Читайте также: |
|
Меня угораздило в армию до великой войны. Вышло очень строгое распоряжение: отменить все брони. И тогда в театре стали волноваться. Я уже кончал Вахтанговское театральное училище и после этого должен был загреметь в армию неизбежно.
Мне прислали повестку из военкомата явиться в армию. Я уже работал в театре, то есть я учился и работал. И Борис Васильевич Щукин спрашивал у меня:
– Как дела?
Я говорю:
– Вот, мне повестку прислали – нужно идти в армию.
Он говорит:
– Не ходи без меня, – а он уже Ленина играл, – пойдем с тобой вместе и там, может, тебе какую‑то отсрочку на год дадут.
Ну я все и ждал. Мне еще раз прислали повестку. И я с этой повесткой решил идти на призывной пункт, но пришел в театр, как он сказал. В это время репетировали «Ревизора» Гоголя. Я вхожу в театр и чувствую, что‑то стряслось. Ночью умер Щукин.
Помню, замечательная актриса Алексеева, родная сестра Добронравова, знаменитого актера МХАТа – кричала, выла, с ней просто истерика была. Она, видимо, очень любила Бориса Васильевича. И я постеснялся, такое горе в театре, чего я буду говорить, что мне нужно идти в армию. И я пошел в военкомат – и все. На другой день меня забрили.[6]

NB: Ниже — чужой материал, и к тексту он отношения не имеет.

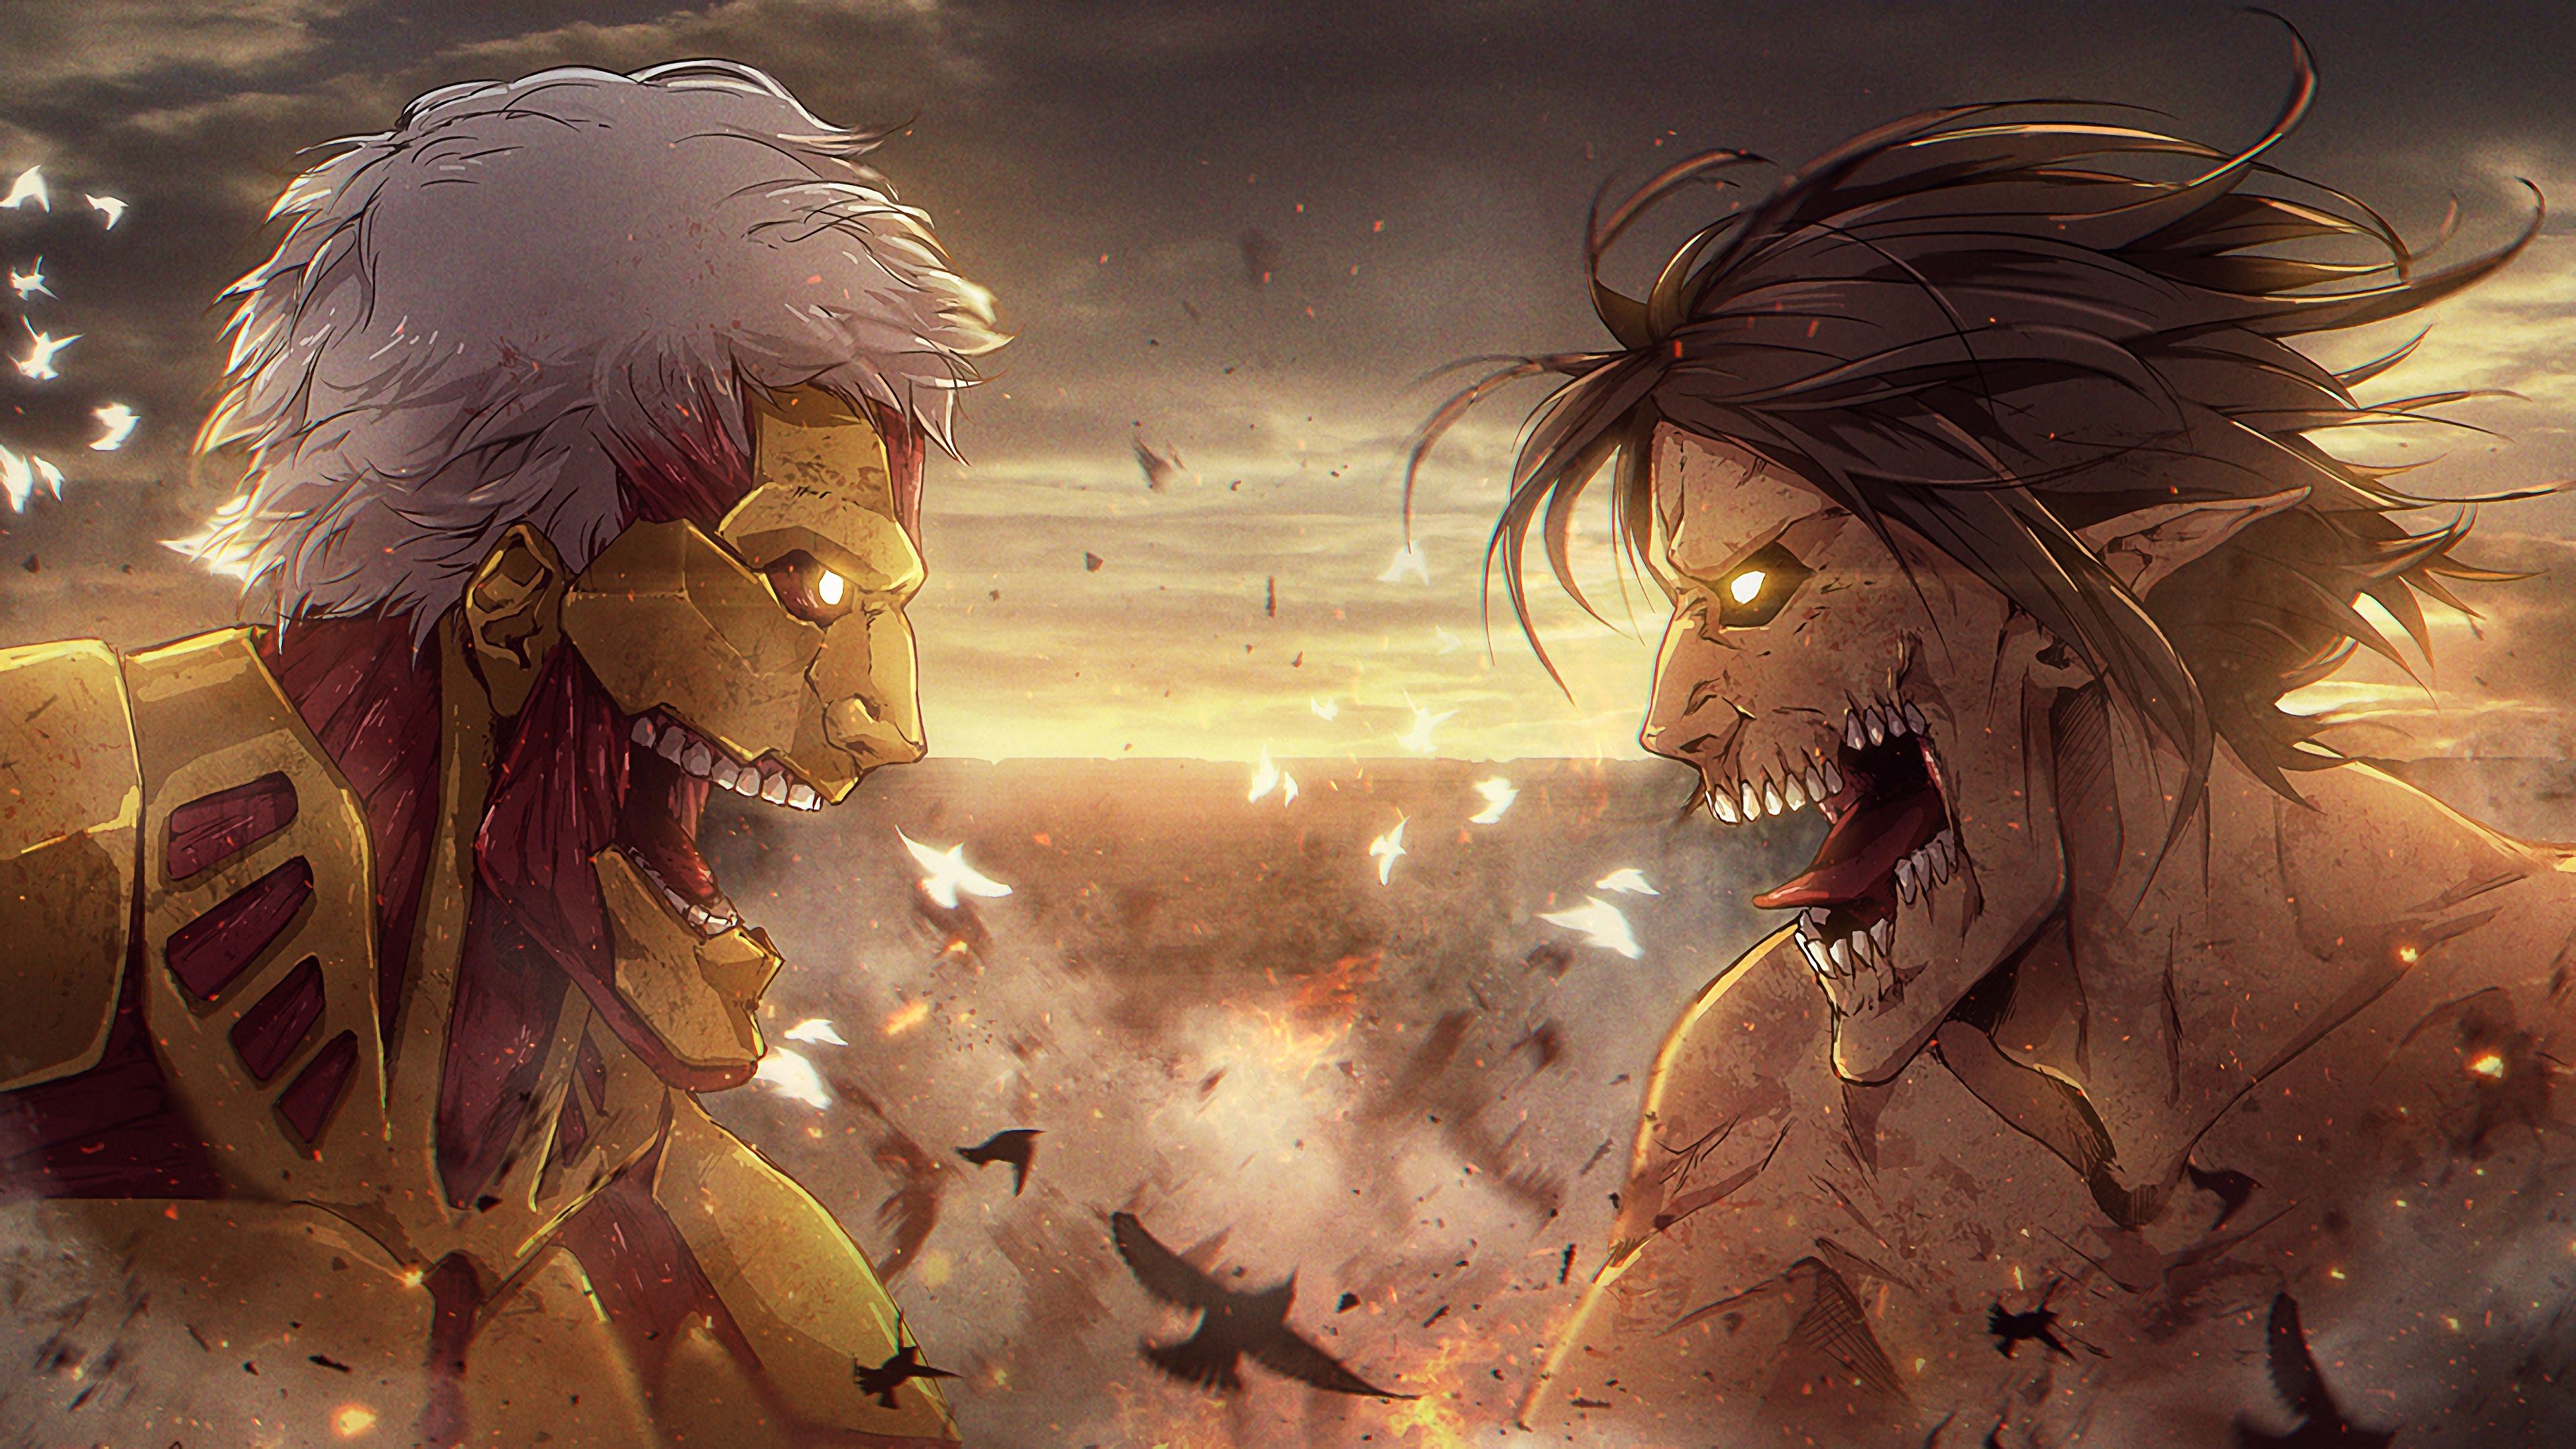 Attack on Titan Final Season Anime Characters Wallpaper 4K #7.3182
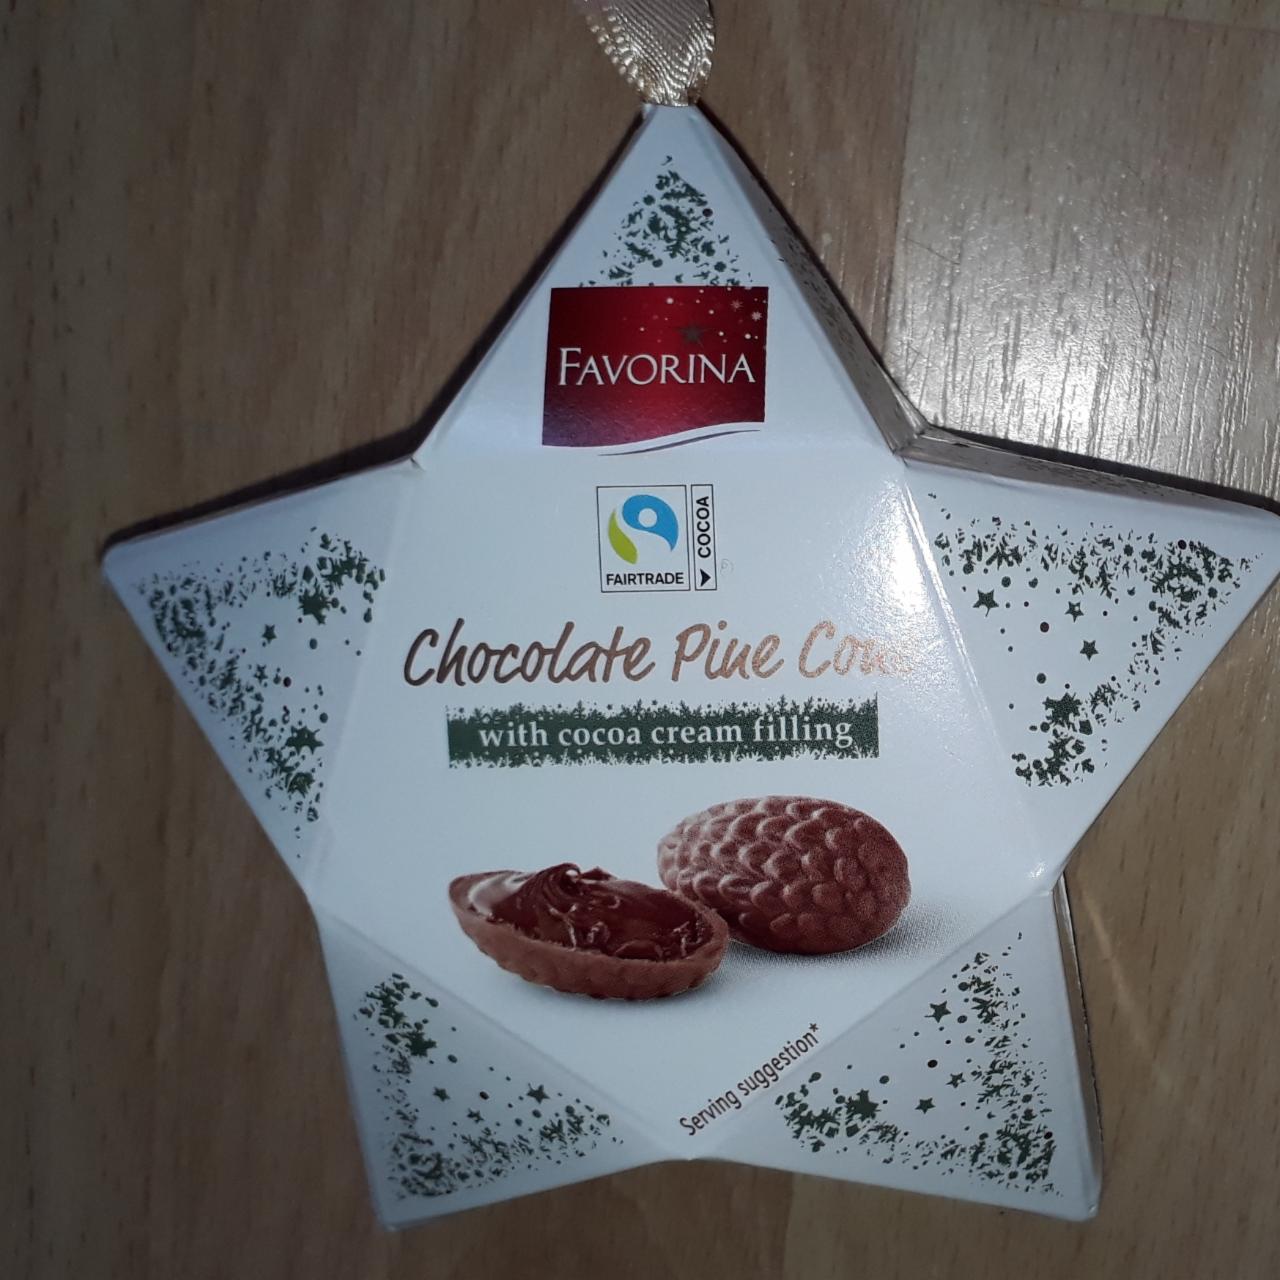 Fotografie - Chocolate Pine Cone with cocoa cream filling Favorina
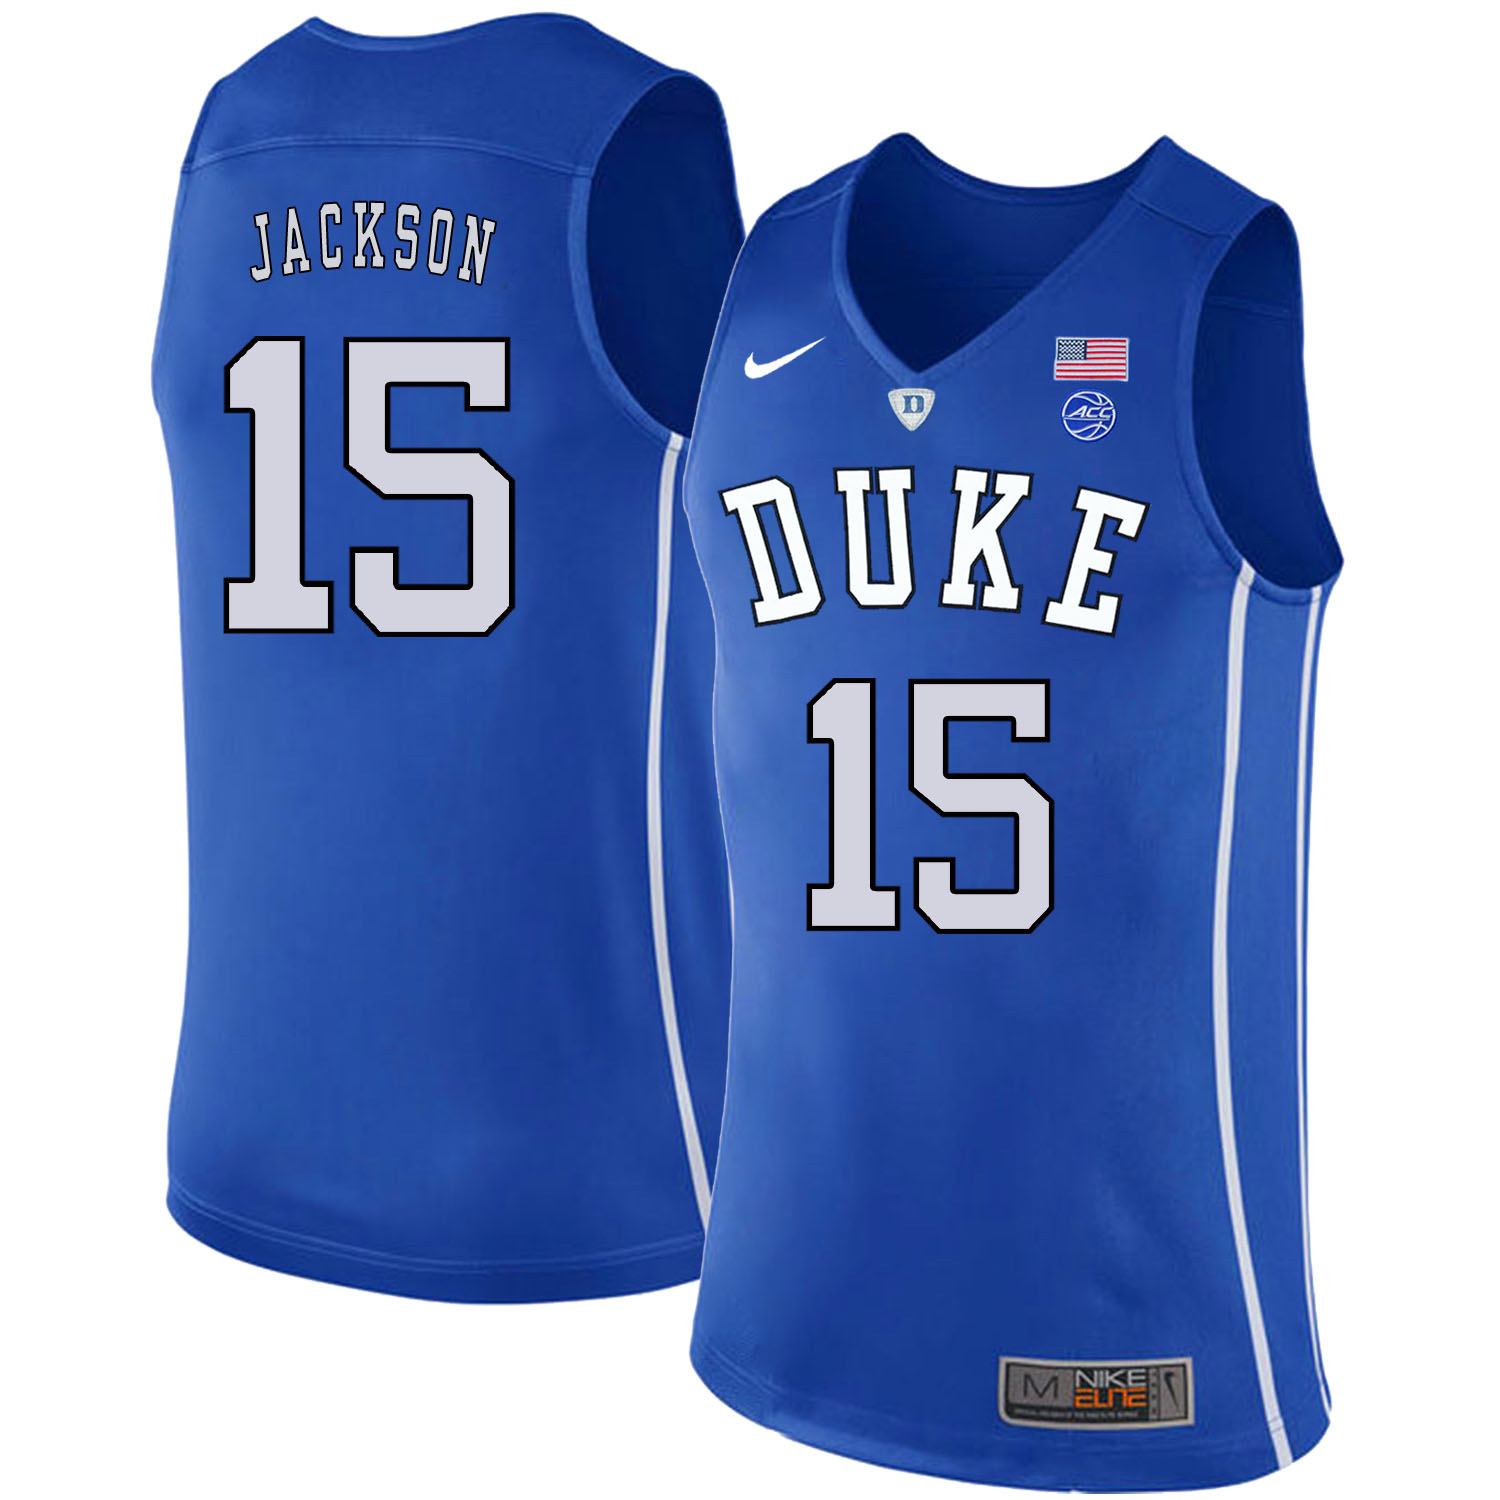 Duke Blue Devils 15 Frank Jackson Blue Nike College Basketball Jersey

Но до этого в театре начали что‑то зондировать, что вот забирают меня в армию, нельзя ли куда‑нибудь пристроить. А пристраивать места было только два – театр Красной Армии и ансамбли, которые в это время только начали организовывать.
Я очень хотел похоронить Бориса Васильевича. И меня отпустили, к их чести – хороший командир попался – и я пришел на похороны в театр уже в форме. И пострижен наголо. И я помню такие ощущения, когда я себе все время голову трогал. Первый раз под машинку все сбрили, и было холодно голове.
Потом нас отвезли под Москву в какие‑то деревянные казармы довольно страшные. Я попал на учебный пункт младших командиров – один сикель я получил – были петлицы тогда и треугольнички.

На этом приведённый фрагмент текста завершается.